An Efficient Use of Threads for SmartSpice Parallelization


As circuit size and time simulation increase dramatically any technique to reduce computational time can be crucial to improve productivity.

Our approach takes advantage of recent technology advances in both hardware and software on multiprocessor SMP machines. It relies on intensive use of multi-threaded programming via the IEEE POSIX 1003 implementation.

In the first part we briefly present the concept of multi-threading, then we will show how we have used it to parallelize SmartSpice.



With multiprocessors systems available on several popular architectures, multi-threaded programming provides a powerful way to speed-up computationally intensive programs.

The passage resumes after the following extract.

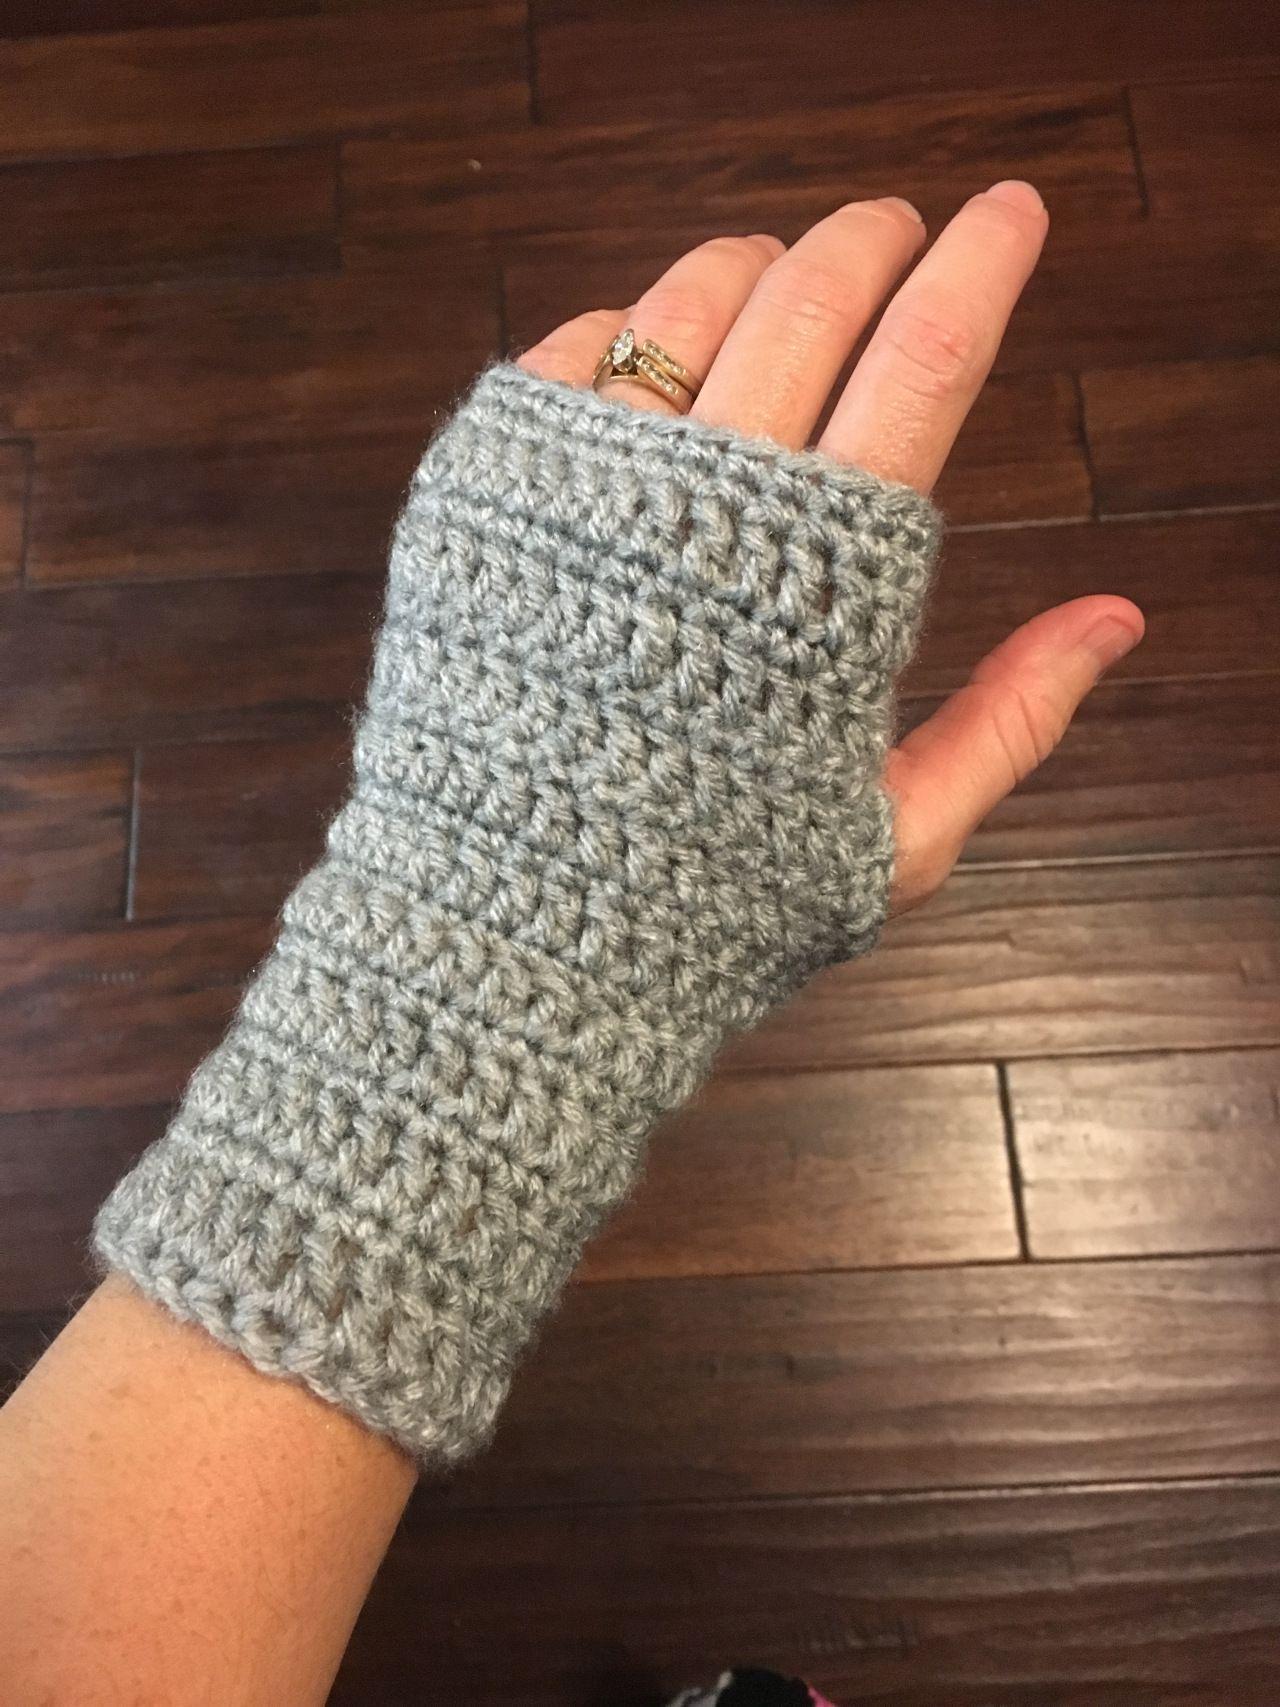 Simple Crochet Wrist Warmers | Stulpen, Häkeln für baby und Strümpfe

This part describes how to take advantage of some of the capabilities offered by multi-threading in a shared memory multiprocessor environment.

Threads are a new and efficient way to utilize the parallelism of the hardware. A thread is a sequence of execution within a process. A traditional single-threaded application follows a single sequence of control while executing. A multi-threaded process has several sequences of control, this allows several independent actions to occur at the same time. In addition, the threads can share a large amount of data within the same address space. This provides extremely high bandwidth and low latency communication between parallel tasks within a single application.

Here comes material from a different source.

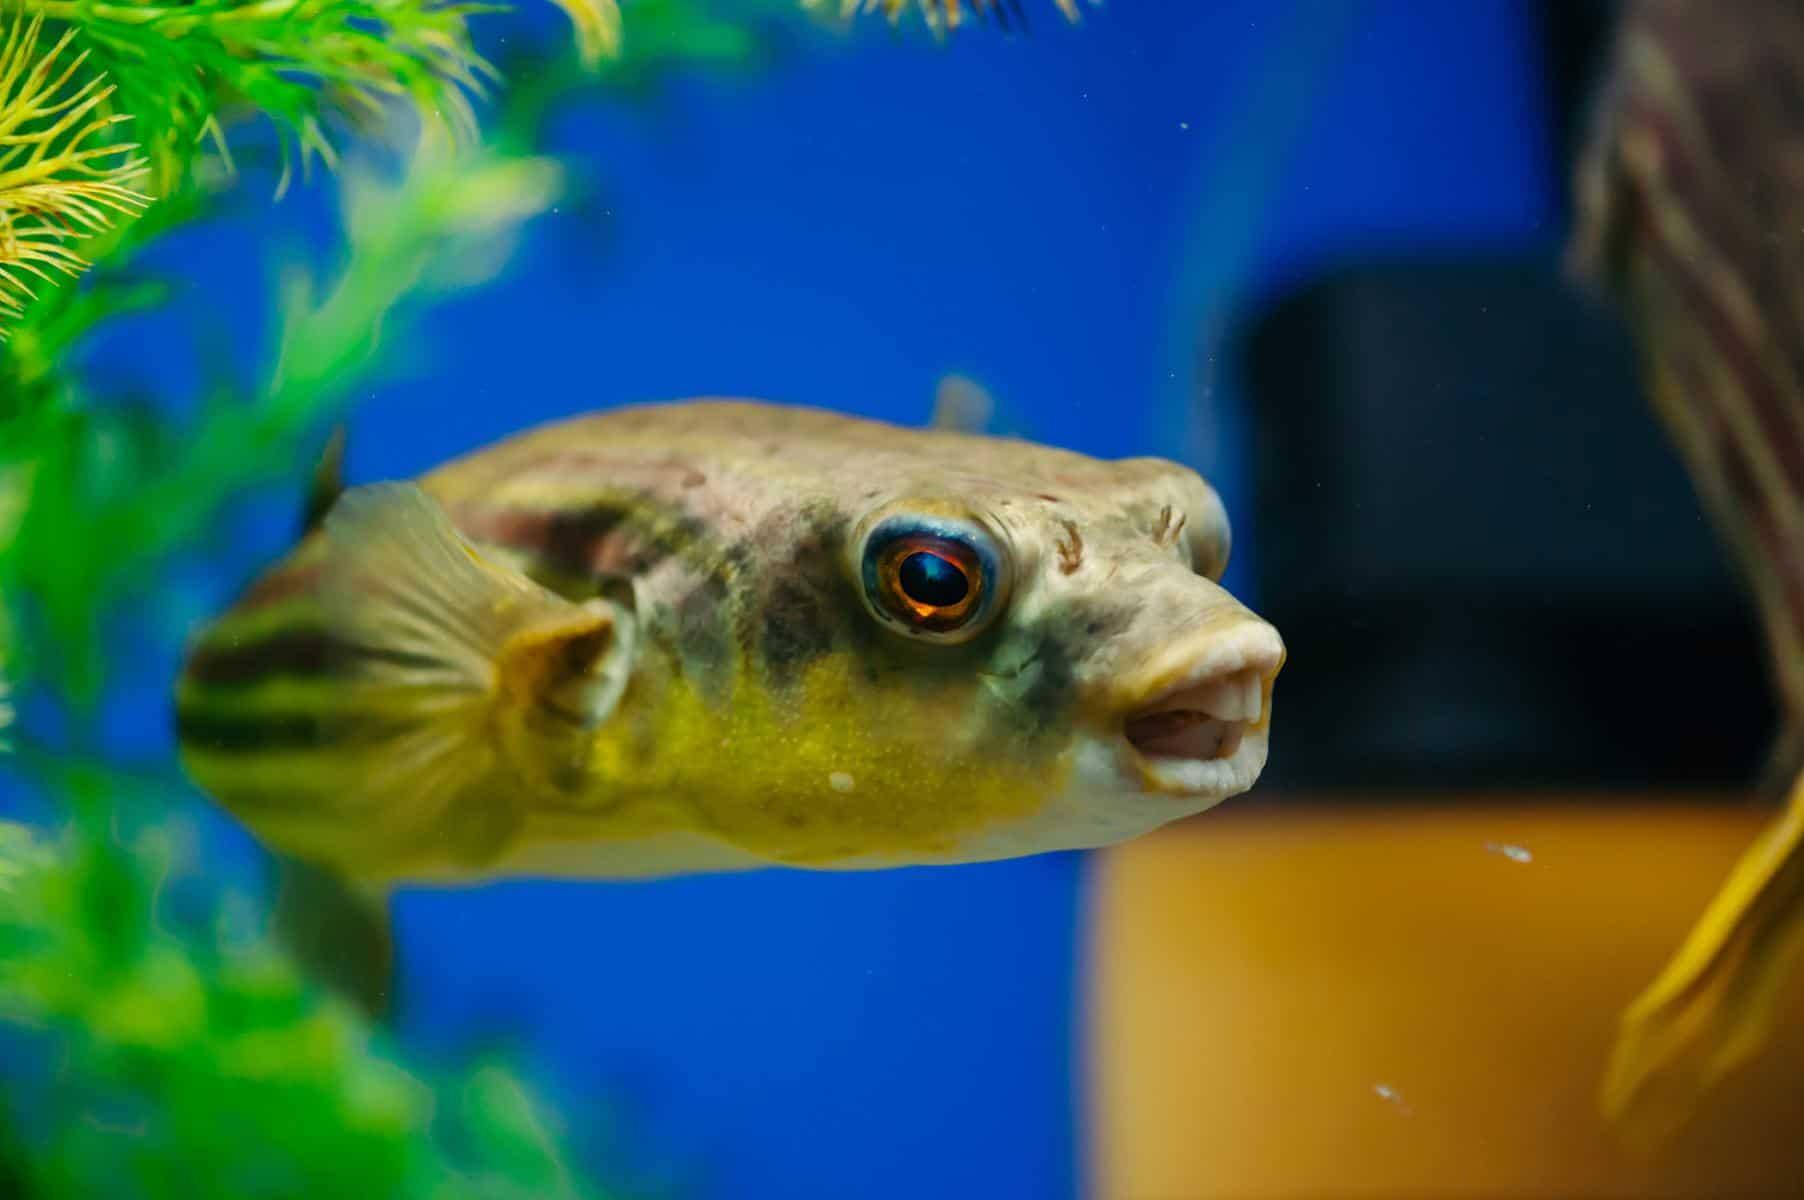 fahaka pufferfish floats in the aquarium

To speed-up the program, the computation must be divided into a set of tasks so that the tasks interact little with each other and so that the number of tasks can be easily adapted to the number of processors. There are many ways to make a program parallel, thought the main concern is to avoid processor starvation.

A first natural way follows a master-slave paradigm or control structure. The main master thread launches a set of slave threads with a predefined portion of the work to be done. The master starts the threads and then waits for all them to terminate at a synchronization point. In our case this must be done every computational cycle. This paradigm is illustrated in Figure 1.

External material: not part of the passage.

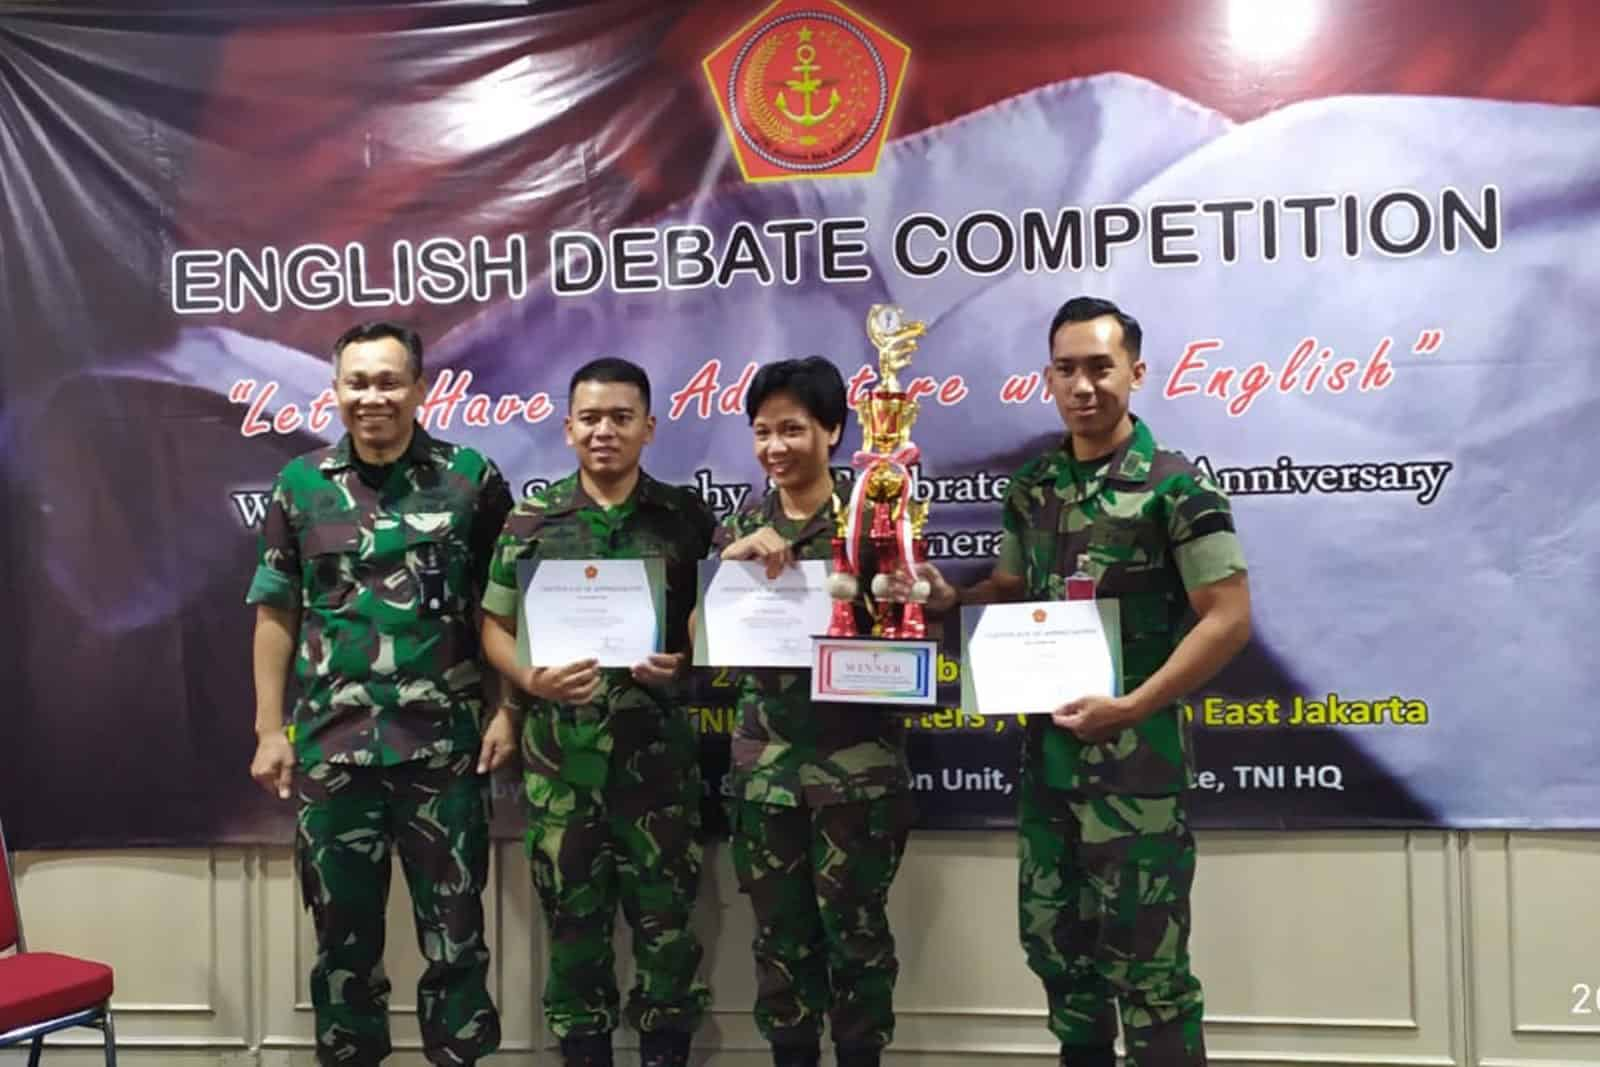 Anggota Skadron Udara 45, Juara 1 Lomba Debat Bahasa Inggris

Figure 1. Master-slave paradigm running on 4 processors


A second useful control structure is the workpile. In this paradigm the threads get their job from a set of chunks of works usually organized as a queue. The threads keep taking new jobs from the queue until it is empty. The second approach can be more flexible than the previous one, as it lets the threads compete with each other to get their tasks.


Multi-Threaded Smartspice

The first step in parallelizing an application is to isolate the time consuming tasks, as they will be the most productive in terms of speed-up. In SmartSpice, an execution cycle consists mainly in an assembly phase and a matrix inversion. This is shown by Figure 2. In this figure, the difference is made between parallel and sequential execution.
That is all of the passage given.